▸ **PROBLEM DETAILS**: I'd ask you to write out the lines below exactly, with no images.

▸ **DATA SECTION**:
>>>

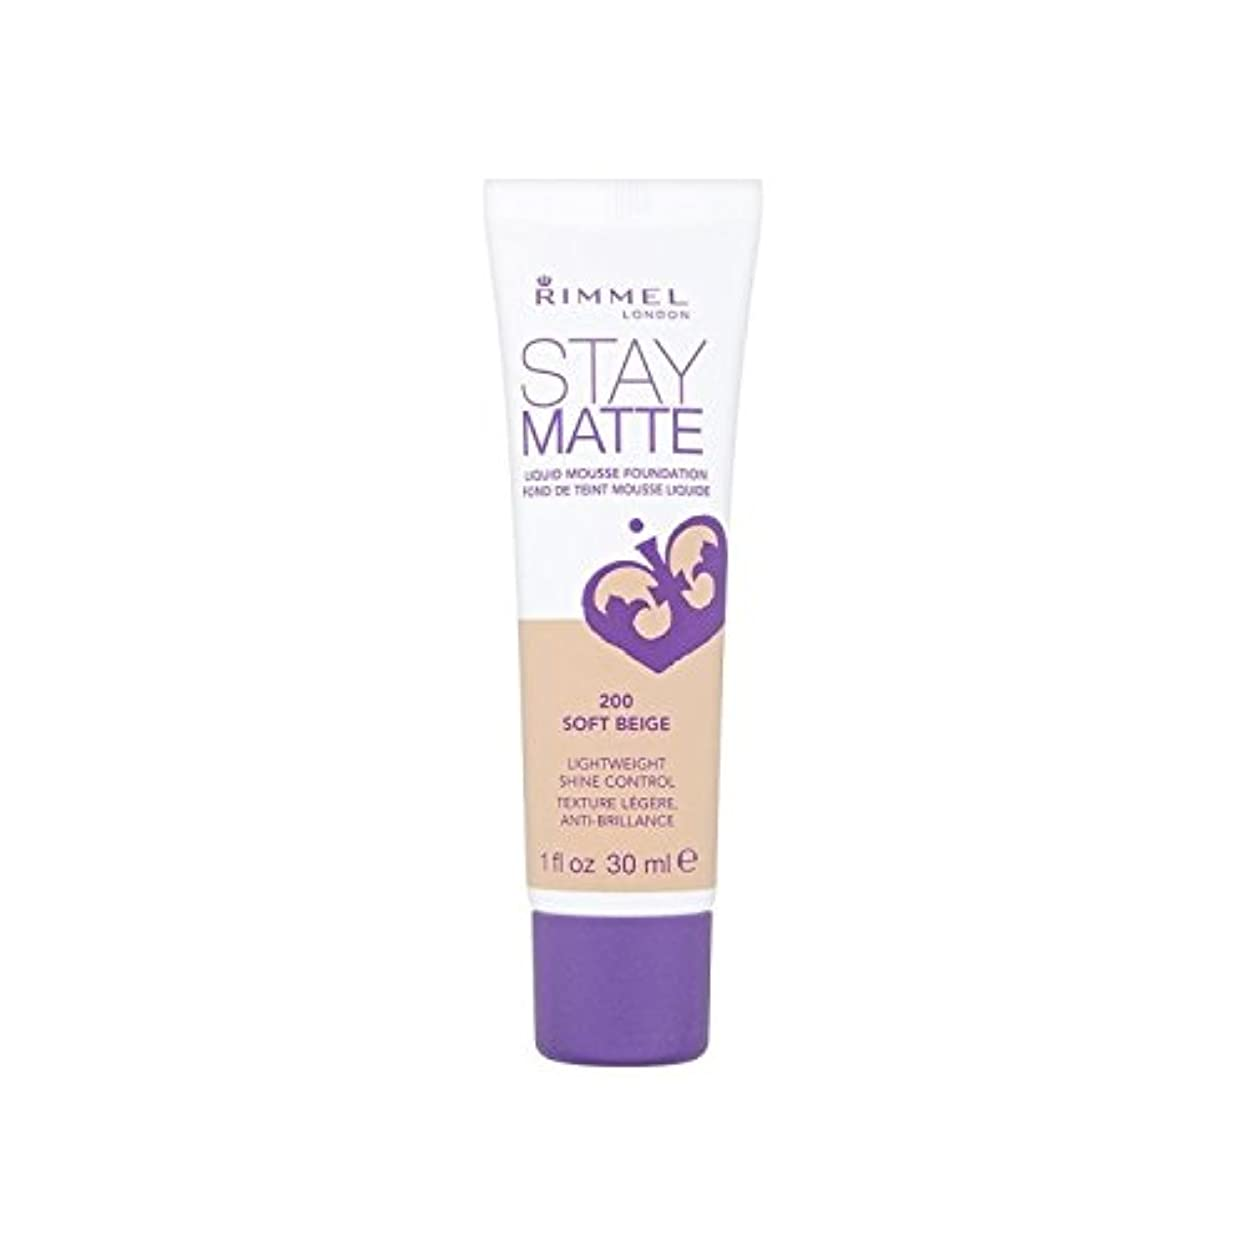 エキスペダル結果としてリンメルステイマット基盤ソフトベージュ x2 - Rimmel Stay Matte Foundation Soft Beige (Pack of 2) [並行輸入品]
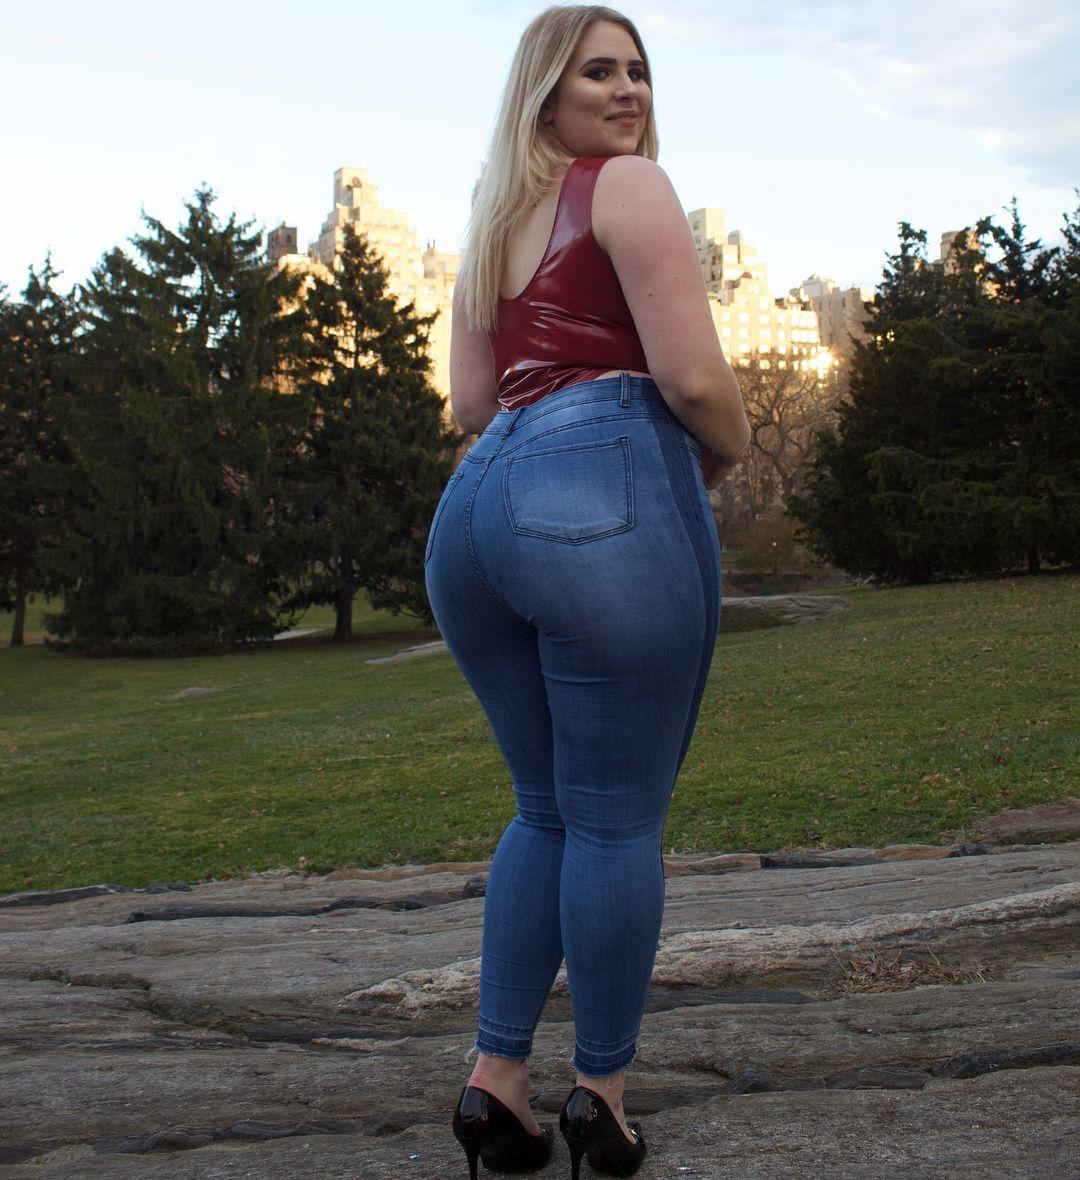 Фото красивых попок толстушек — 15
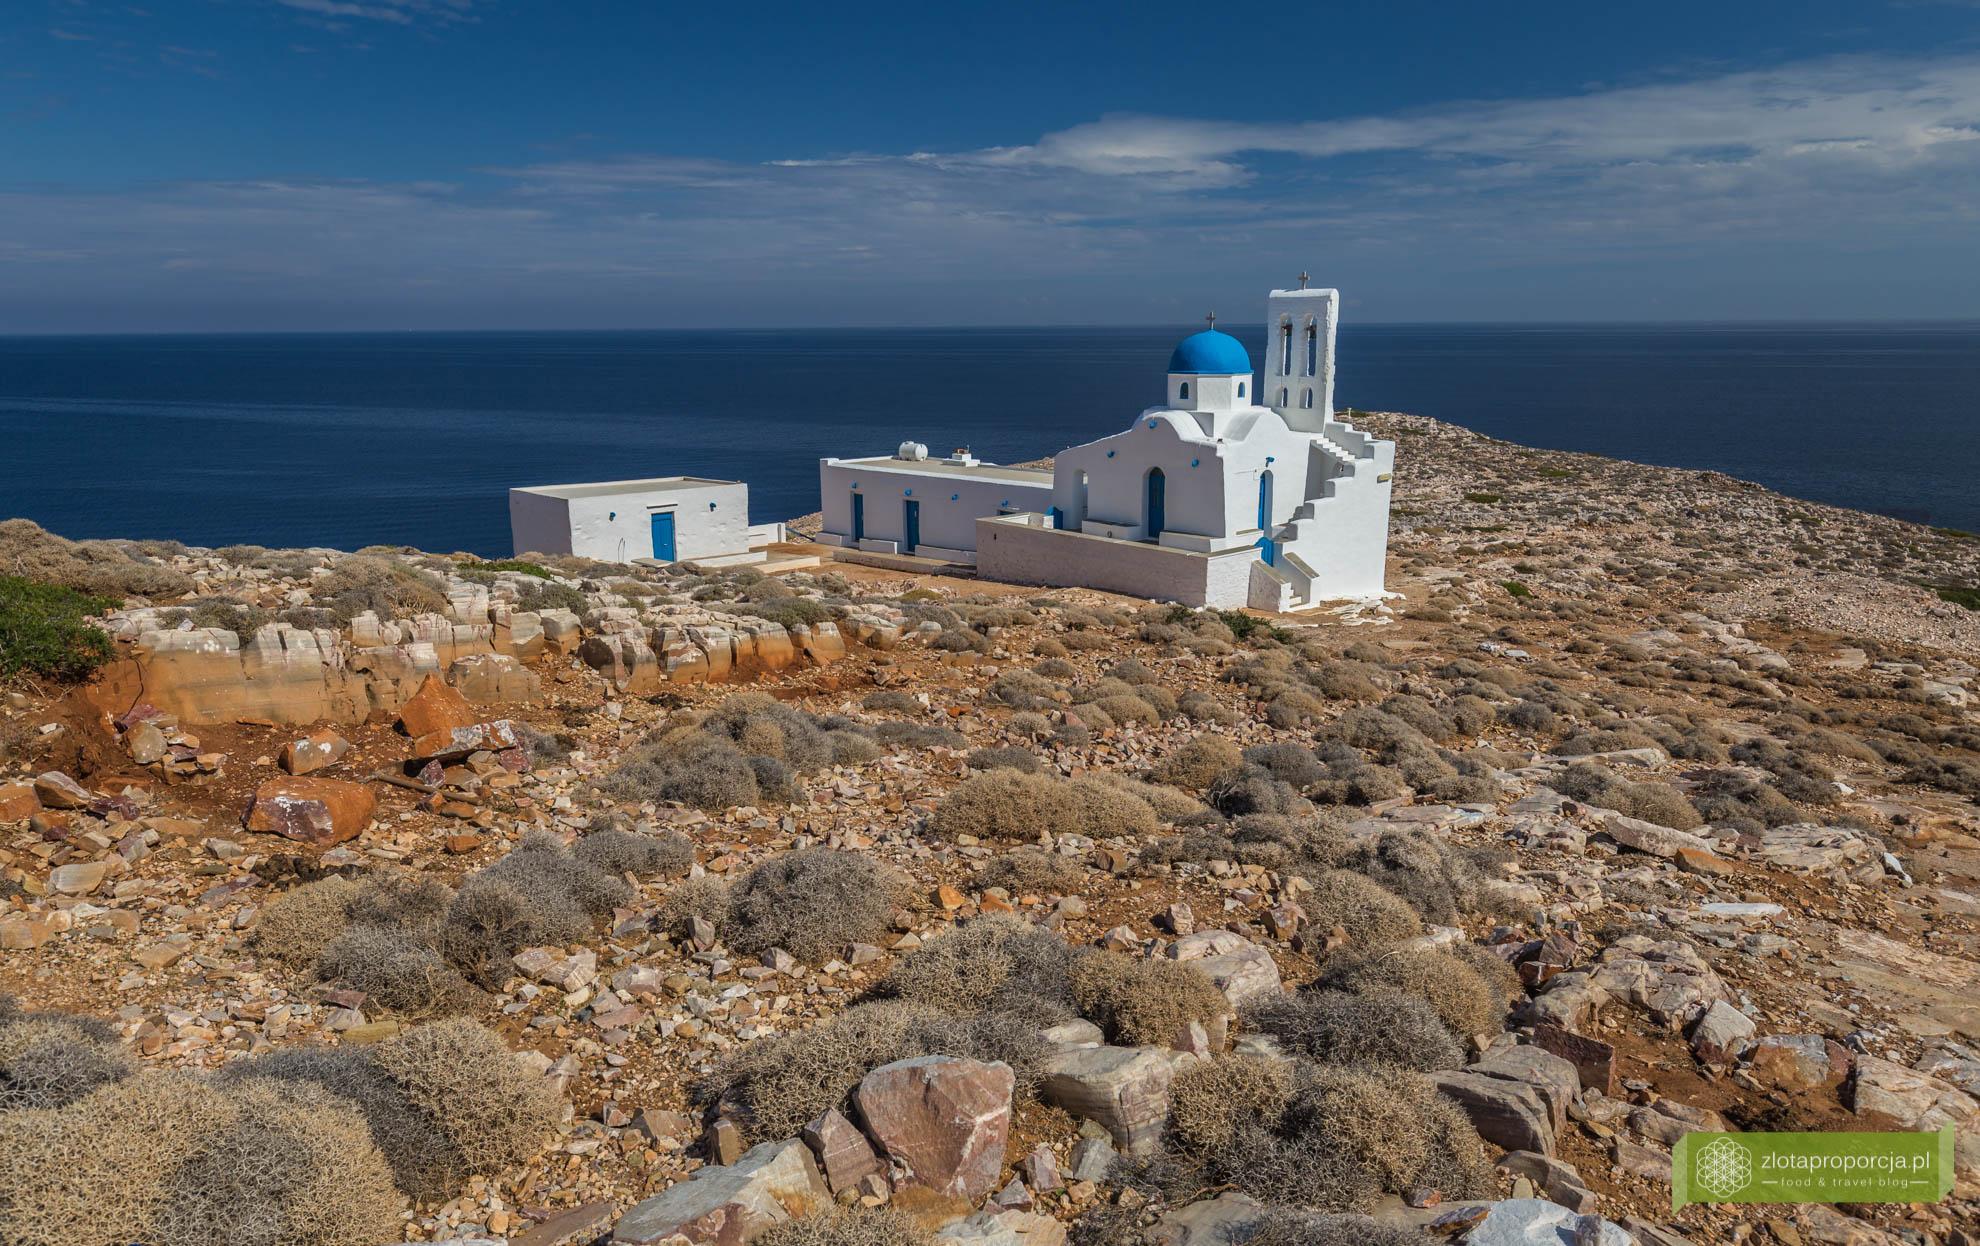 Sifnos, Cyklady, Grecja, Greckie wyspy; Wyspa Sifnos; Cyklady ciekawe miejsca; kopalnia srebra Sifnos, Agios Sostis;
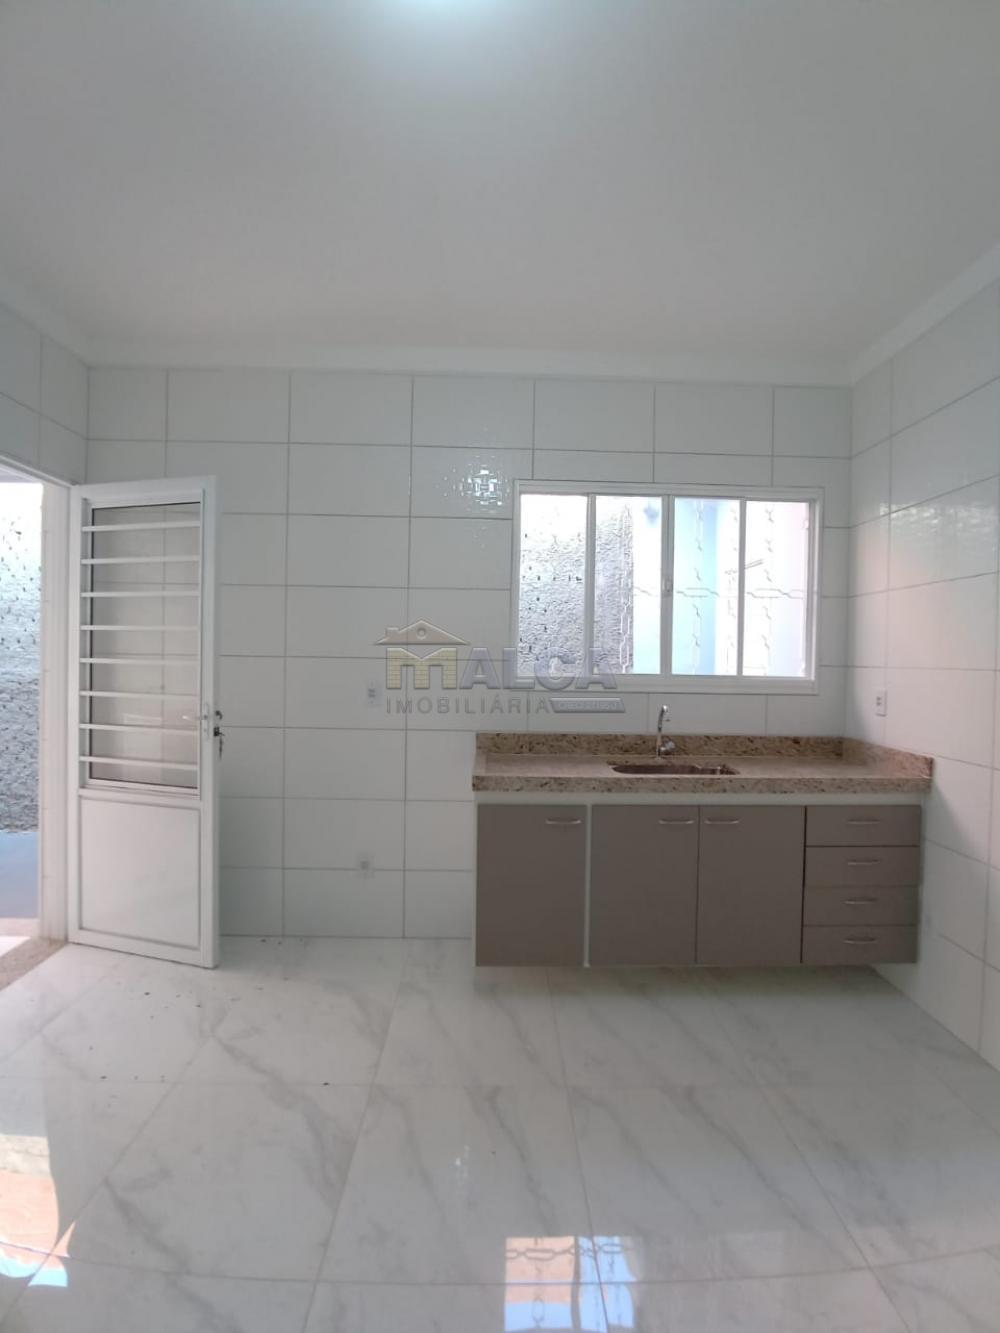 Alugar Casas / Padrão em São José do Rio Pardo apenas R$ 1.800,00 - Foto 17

<<<

▸ **TASK RESULT**:
 エキスペダル結果としてリンメルステイマット基盤ソフトベージュ x2 - Rimmel Stay Matte Foundation Soft Beige (Pack of 2) [並行輸入品]
 Фото красивых попок толстушек — 15
 Sifnos, Cyklady, Grecja, Greckie wyspy; Wyspa Sifnos; Cyklady ciekawe miejsca; kopalnia srebra Sifnos, Agios Sostis;
 Alugar Casas / Padrão em São José do Rio Pardo apenas R$ 1.800,00 - Foto 17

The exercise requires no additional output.